Sometimes, as Charles Dickens wrote, “The law is an ass – an idiot.”
The acquittal of David and Collet Stephan, who were found not guilty of failing to provide the “necessaries of life” to their 19-month-old son, Ezekiel, seems like a striking example.
The basic elements of the case have been well reported. Ezekiel fell ill with what initially looked like croup but grew much worse, to meningitis. His parents, believers in so-called alternative medicine, decided to treat Ezekiel with garlic and horseradish smoothies, and consult a naturopath rather than a medical doctor.
Over two weeks, his condition waxed and waned. But in March, 2012, when the boy’s health deteriorated to the point where he stopped breathing, the family called an ambulance and then blamed paramedics for failing to save his life.
The polarizing case has been dragging on since Ezekiel’s death. There was a jury trial, a conviction, an appeal, a re-trial ordered and then a trial by judge alone.
That last trial was overseen by Justice Terry Clackson of the Court of Queen’s Bench of Alberta. And in his 34-page ruling issued last week, he found that while most parents with a child as sick as Ezekiel would have thought it prudent to seek medical help, “section 215 of the Criminal Code does not impose a duty to seek medical attention for every sick child. For that duty to arise there must be a risk to the child.”
In Justice Clackson’s view, the case revolved around four issues: whether Ezekiel had bacterial or viral meningitis; whether his death was the result of meningitis or lack of oxygen to the brain; whether the Stephans knew the boy had meningitis; and whether, knowing that, they ought to have sought medical intervention.
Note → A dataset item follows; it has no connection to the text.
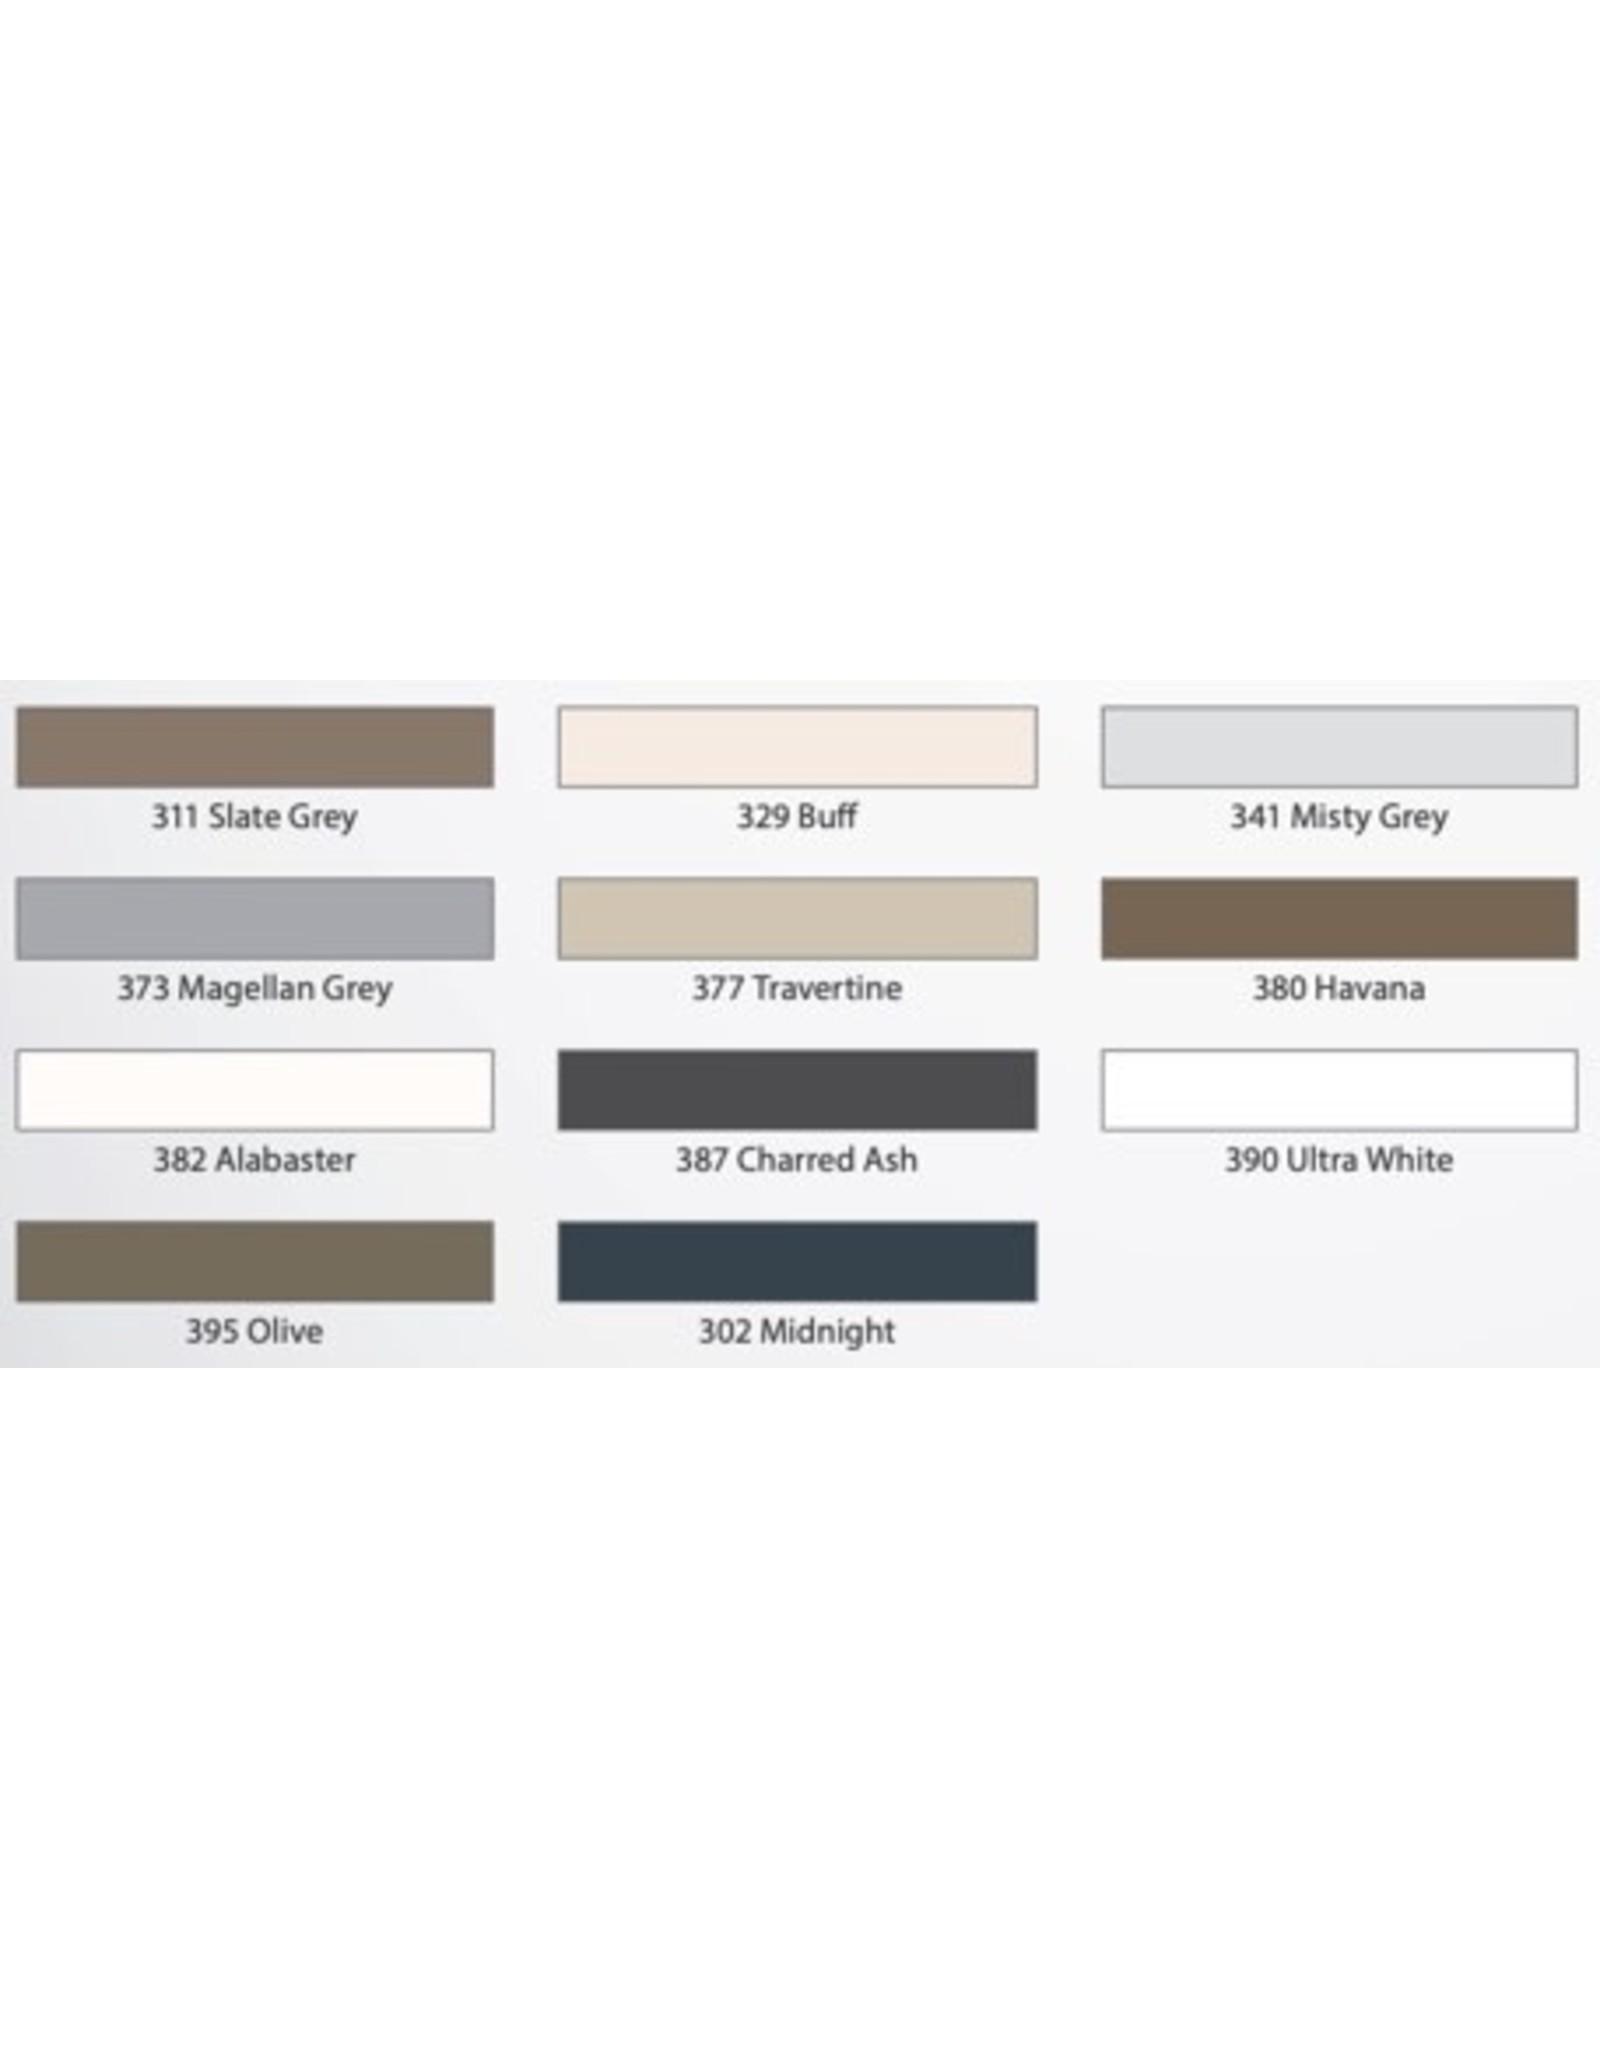 Ardex ARDEX FS-DD Slate Grey 311 5kg

“I have concluded that Ezekiel did have meningitis. The Stephans did not know that Ezekiel had meningitis but were alert to the possibility and monitoring for symptoms. The meningitis Ezekiel had was viral and he did not die from meningitis but from the lack of oxygen. Therefore, I have concluded that the Stephans are not guilty of the charge,” the judge wrote.
Hold on a second.
The central question is not what ailed Ezekiel or whether or not he could have survived, but whether he was given a fighting chance. He wasn’t.
David Stephan has argued throughout this saga that the case was about “parental rights” and “medical choice.”
Actually, it’s about parental responsibility. Surely, the obligation to seek medical care kicks in before a child stops breathing multiple times and goes rigid, a telltale sign of life-threatening meningitis.
Unfortunately, the judge in this case allowed himself to be bamboozled by a manure pile of irrelevant arguments.
Let’s take the cause of death.
An autopsy conducted by the medical examiner, Bamidele Adeagbo, found that Ezekiel had bacterial meningitis; despite the judicial ruling criticizing his “garbled enunciation" and grammatical flubs in the courtroom, and calling him “arrogant, petulant and argumentative,” Dr. Adeagbo’s conclusion itself doesn’t change. A veteran pediatric intensivist who treated the boy arrived at the same result, based on symptoms.
But the defence brought in an expert witness – one who the Alberta government had previously called “obstructionist, confrontational and disrespectful” – who, after reading the medical examiner’s report and listening to the boy’s breathing on a recording of a 911 call, concluded that he stopped breathing because of complications from croup.
The evidence showed the Stephans were told by a nurse that Ezekiel likely had meningitis, then did internet searches of the symptoms of meningitis and then purchased a product from a naturopath for treatment of possible cases of meningitis.
Yet, Justice Clackson, who has his own eyebrow-raising judicial history on sexual-assault cases, concluded they didn’t know the boy had meningitis, saying the Stephans’ statements felt like “false confessions."
Much was made of the fact that the ambulance that picked up the boy was not equipped with child-sized equipment, so he may have been deprived of oxygen. That is a travesty, but it doesn’t change the fact that Ezekiel was deathly ill before real medical help was sought.
David and Collet Stephan have spent years blaming everyone else for their son’s death – paramedics, physicians, the courts, the media, Big Pharma – but they have never taken an iota of responsibility. After the acquittal, Mr. Stephan even had the gall to speak in biblical terms of “those who have trespassed against us.”
It’s probably too late for justice for Ezekiel. But maybe it’s not too late for the justice system to save a bit of face by sending a message that, yes, parents have rights – but they also have responsibilities.
The Crown would be wrong to not appeal this appalling verdict.